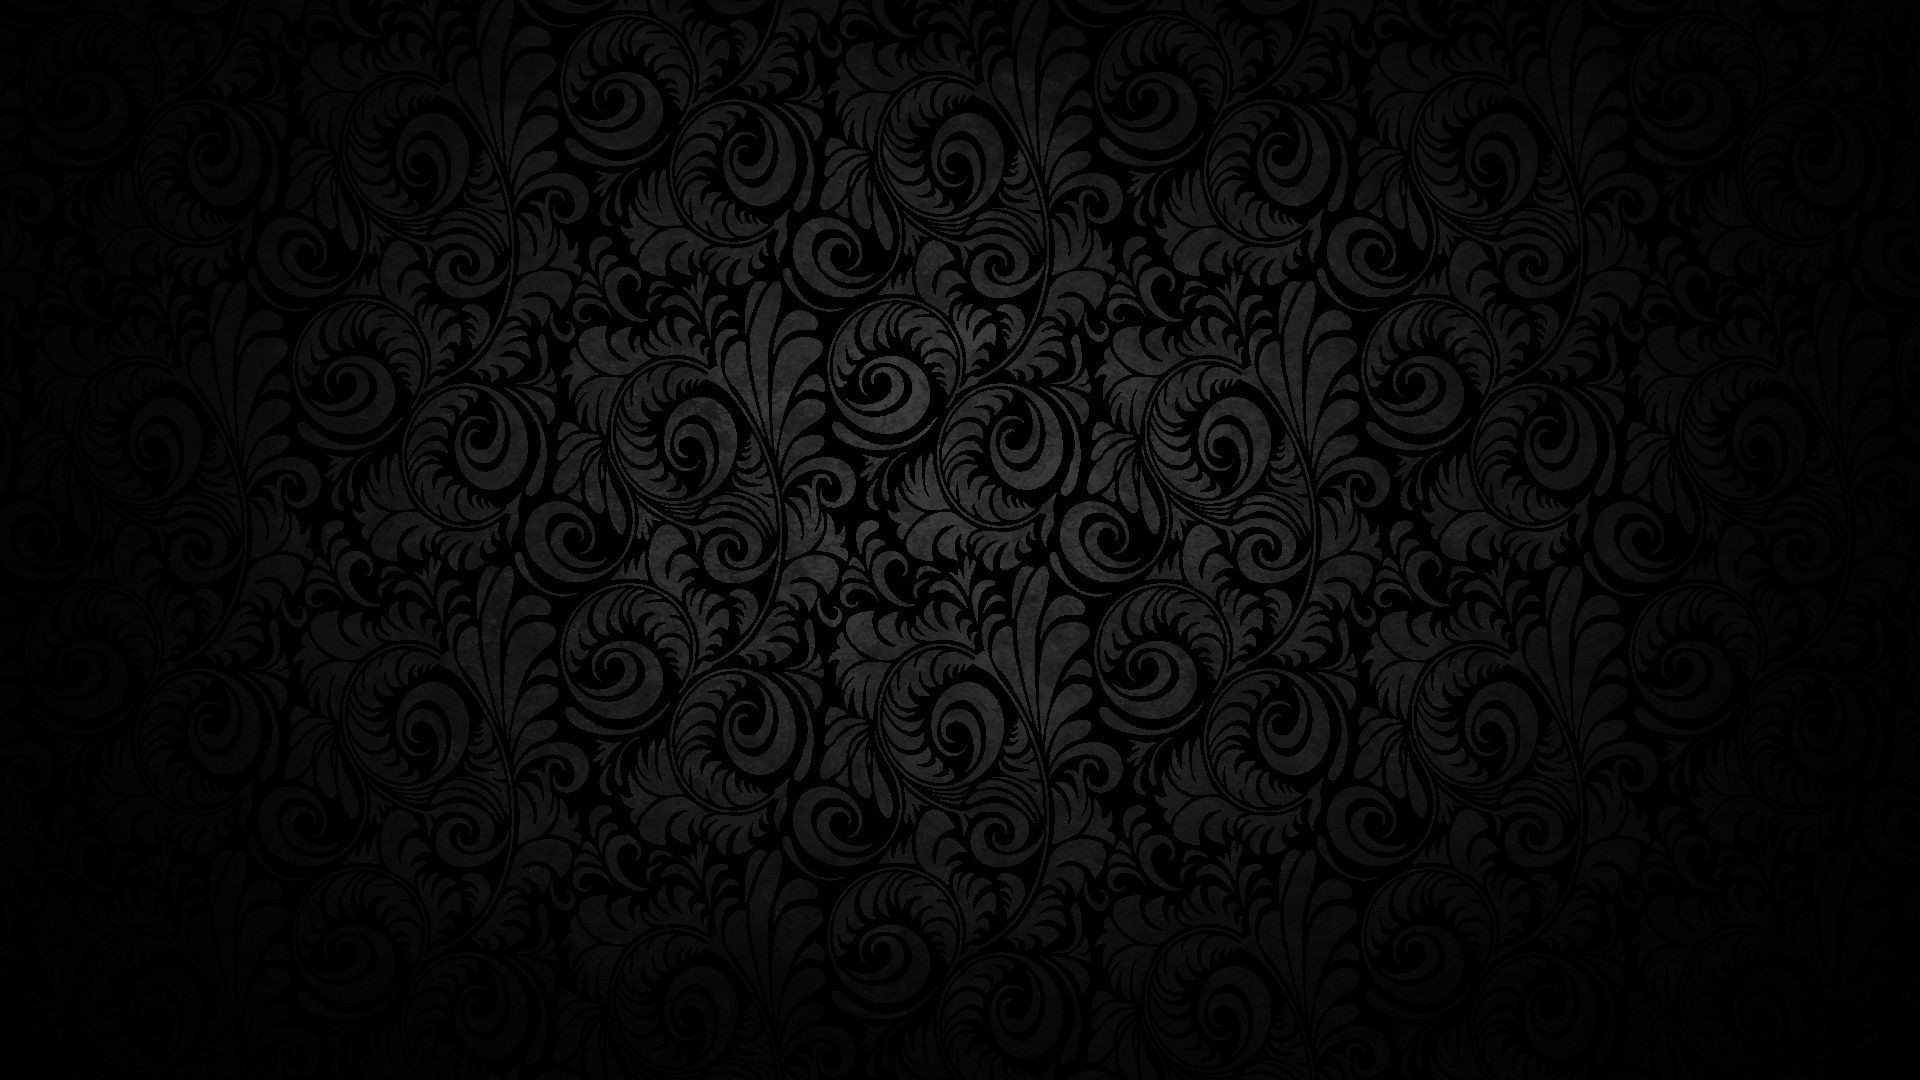 1080p Wallpaper Of Abstract Black Swirl Wallpaper Background
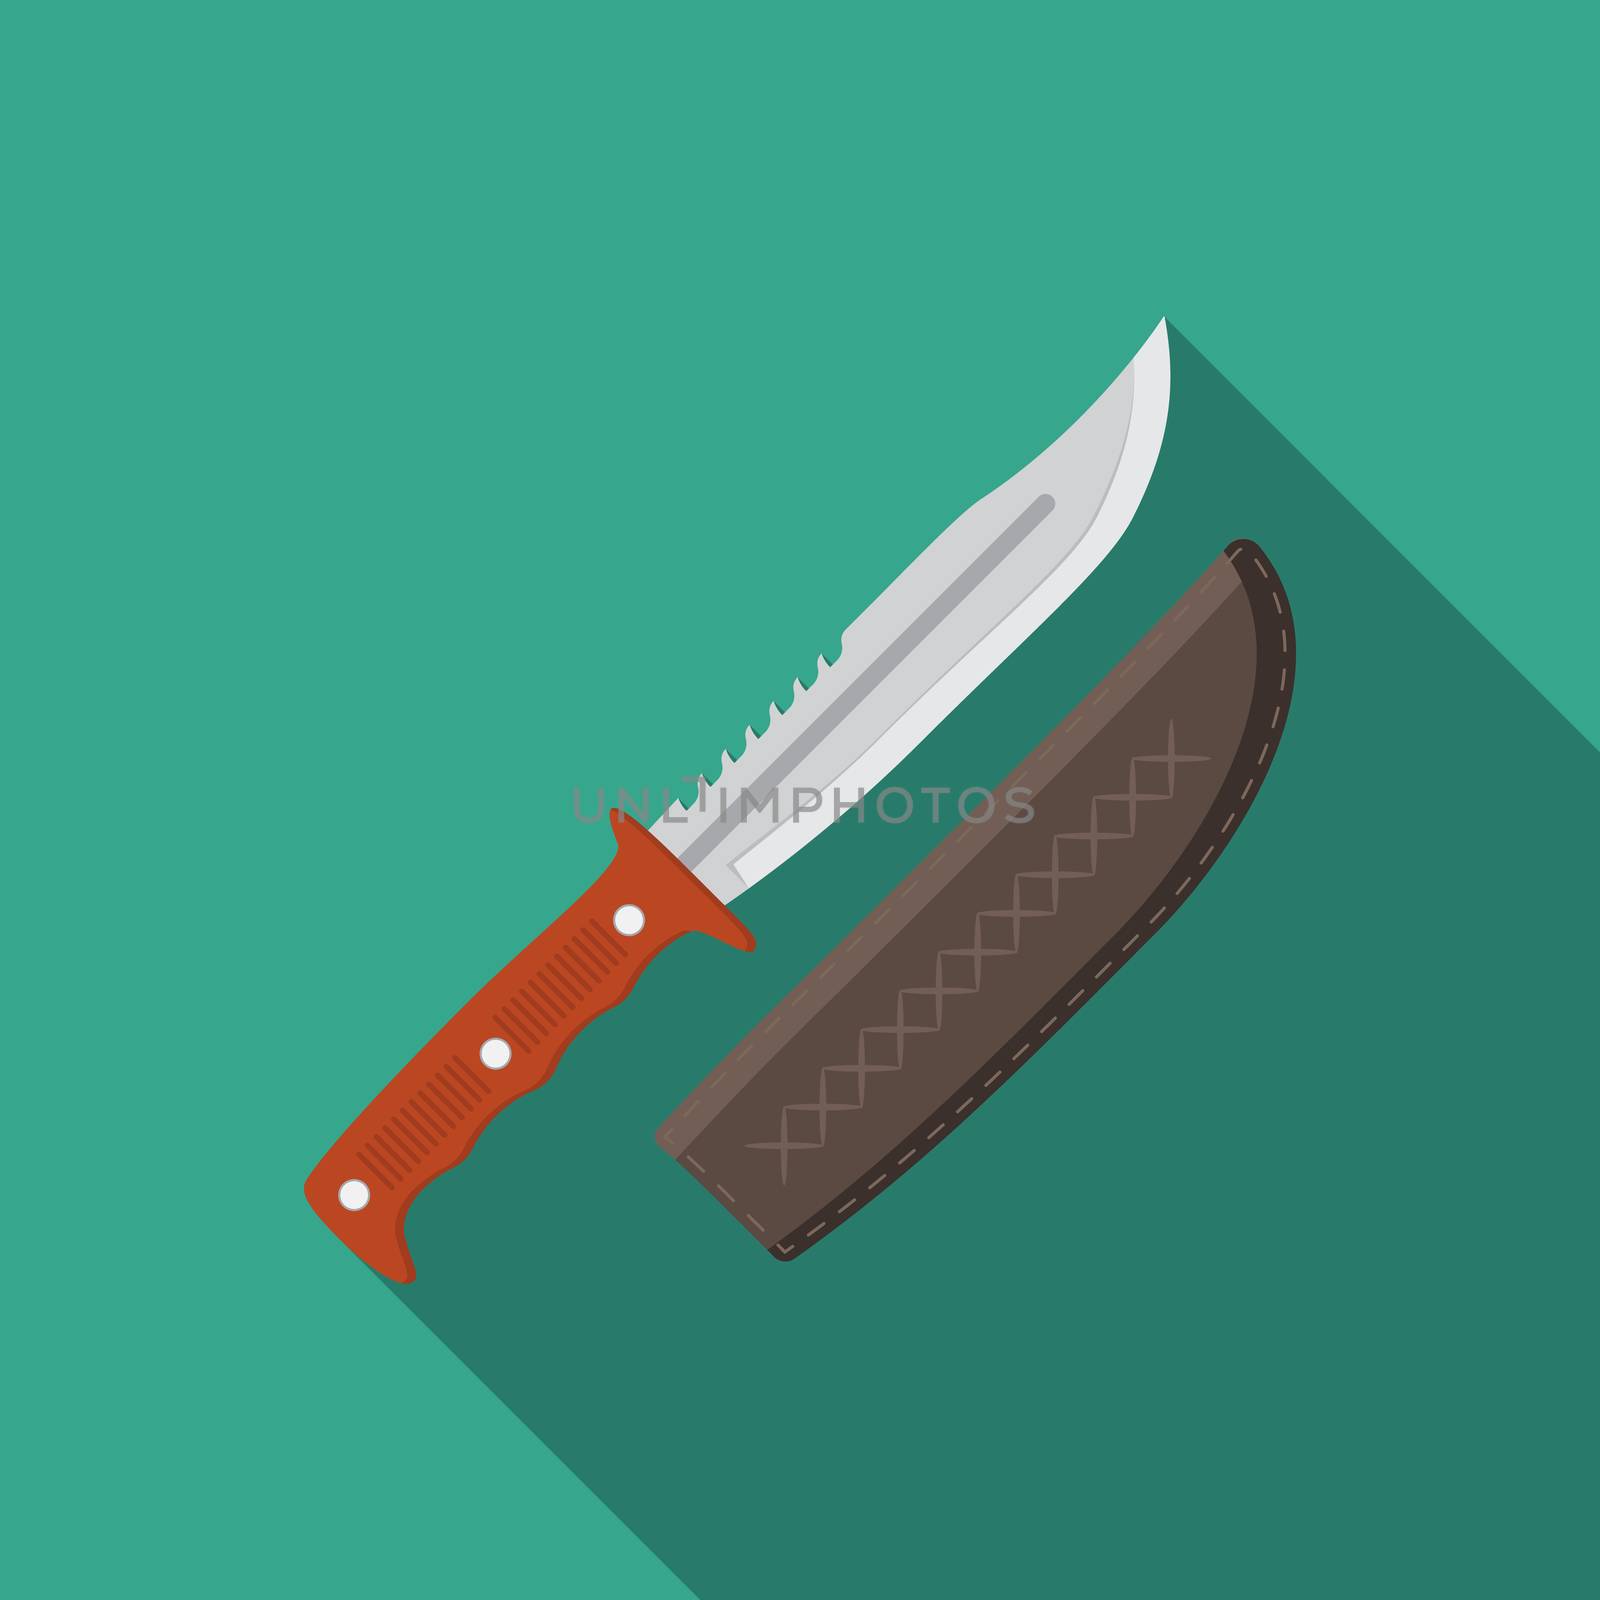 Flat design modern vector illustration of hunting knife icon, camping and hiking equipment with long shadow by Lemon_workshop
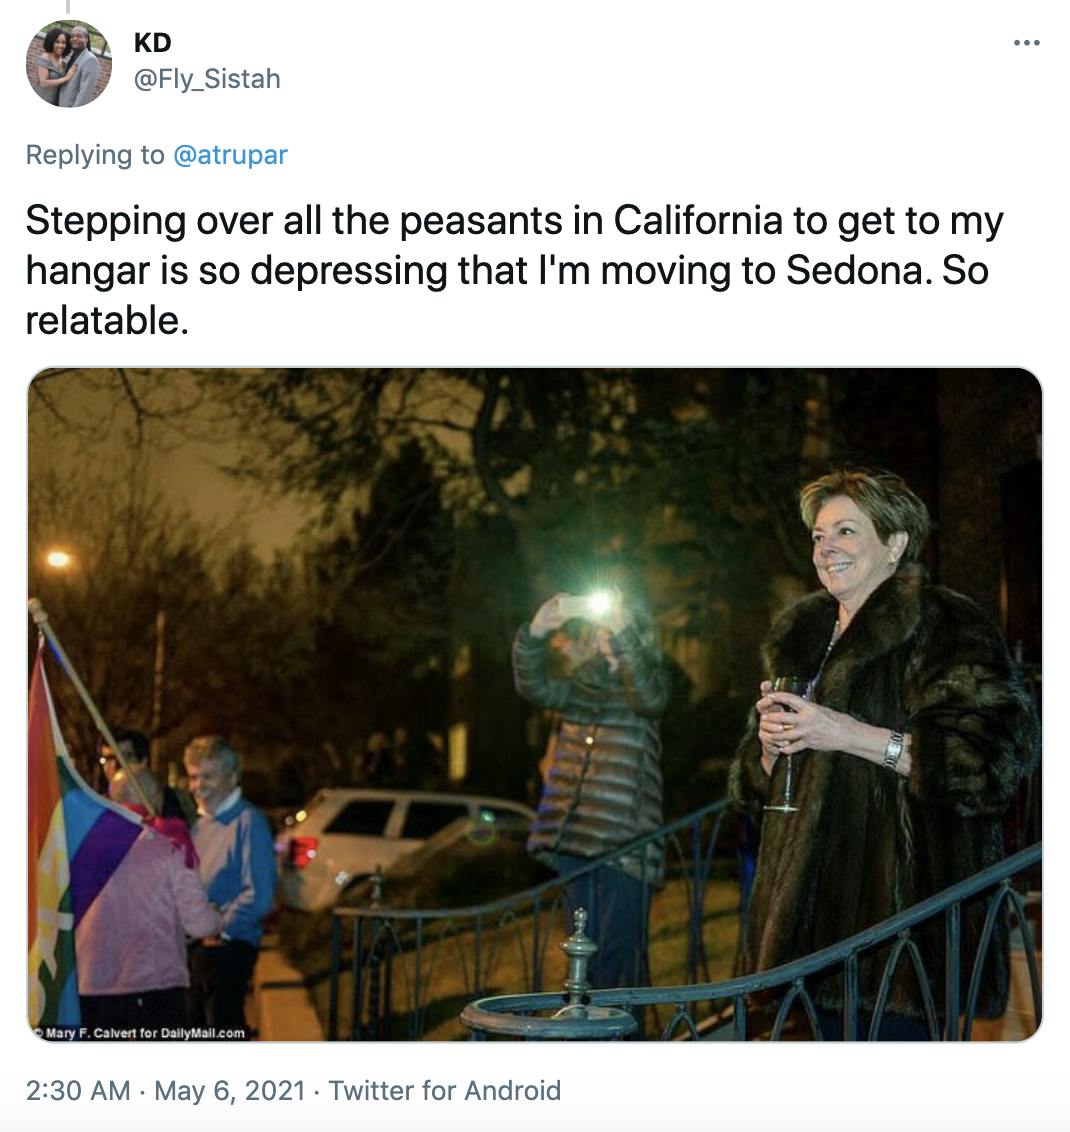 'Stepping over all the peasants in California to get to my hangar is so depressing that I'm moving to Sedona. So relatable.' picture of an older white woman with short dark hair in a fur coat, smirking as she drinks champagne looking down on people with a flag
::::
• _WORK ITEM_
The expected output is the complete listing, word for word, without any picture.

• _WRITTEN SOLUTION_
 1080p Wallpaper Of Abstract Black Swirl Wallpaper Background
 Flat design modern vector illustration of hunting knife icon, camping and hiking equipment with long shadow by Lemon_workshop
 'Stepping over all the peasants in California to get to my hangar is so depressing that I'm moving to Sedona. So relatable.' picture of an older white woman with short dark hair in a fur coat, smirking as she drinks champagne looking down on people with a flag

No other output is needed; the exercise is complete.